The Supreme Court is expected to rule later this month on whether a company can claim it's exempt from a federally mandated law -- in this case the Affordable Care Act -- on religious grounds.
The case involves Hobby Lobby, a chain of some 500 arts-and-crafts outlets that employs around ten thousand people.
Owned by the Green family which says they run the corporation on the basis on Christian precepts, Hobby Lobby says while it has no objection to providing health insurance to the employees under the law, they do reject one Obamacare regulation requiring certain kinds of contraception, including "morning after pills," be covered.
Providing coverage for that type of contraceptive goes against their Christian beliefs, the Greens assert.
The administration, as part of a package meant to offer preventative services to women, has included all contraceptives that have received U.S. Food and Drug Administration approval in the Affordable Care act.
While churches and religious employers who primarily hire employees of the same faith and that exist form primarily religious reasons and activities are exempt from that requirement, for-profit companies like Hobby Lobby are not exempt, which has led the firm to take its case to the Supreme Court.
While Hobby Lobby offers most types of birth control in their employees' health plan, so-called "emergency" or "morning after" contraceptives amount early abortion, the Green family asserts, which they say violates their religion.
"These abortion-causing pills go against our faith, and our family is now being forced to choose between following the laws of the land that we love or maintaining the religious beliefs that have made our business successful and supported our family and thousands of our employees and their families," Hobby Lobby founder David Green said when the lawsuit was first filed.
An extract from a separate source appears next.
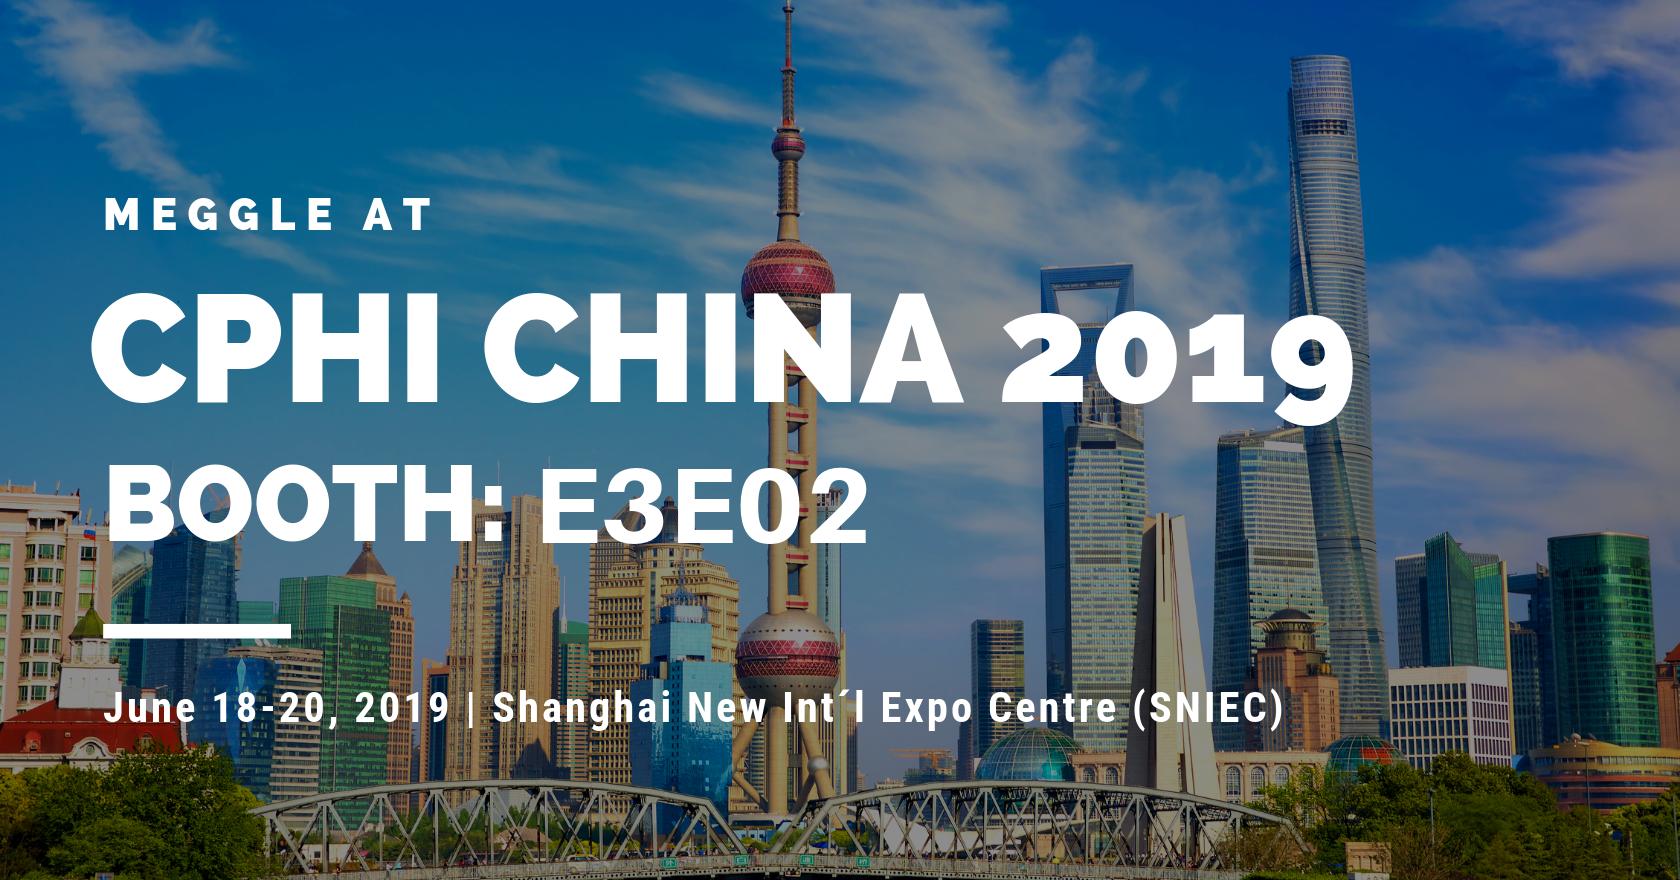 MEGGLE_CPhI_China 2019 (2)

In oral arguments before the Supreme Court on behalf of the administration, U.S. Solicitor General Donald Verilli disagreed with the characterization of emergency contraception.
"Federal law and State law -- which do preclude funding for abortions -- don't consider these particular forms of contraception to be abortion," he said.
The court is expected to rule on the Hobby Lobby case, and a similar one -- Conestoga Wood Specialties Corp. v. Sebelius -- by the end of this month, ruling whether the two companies, and by extension all other for-profit companies, must abide by the contraceptive mandate.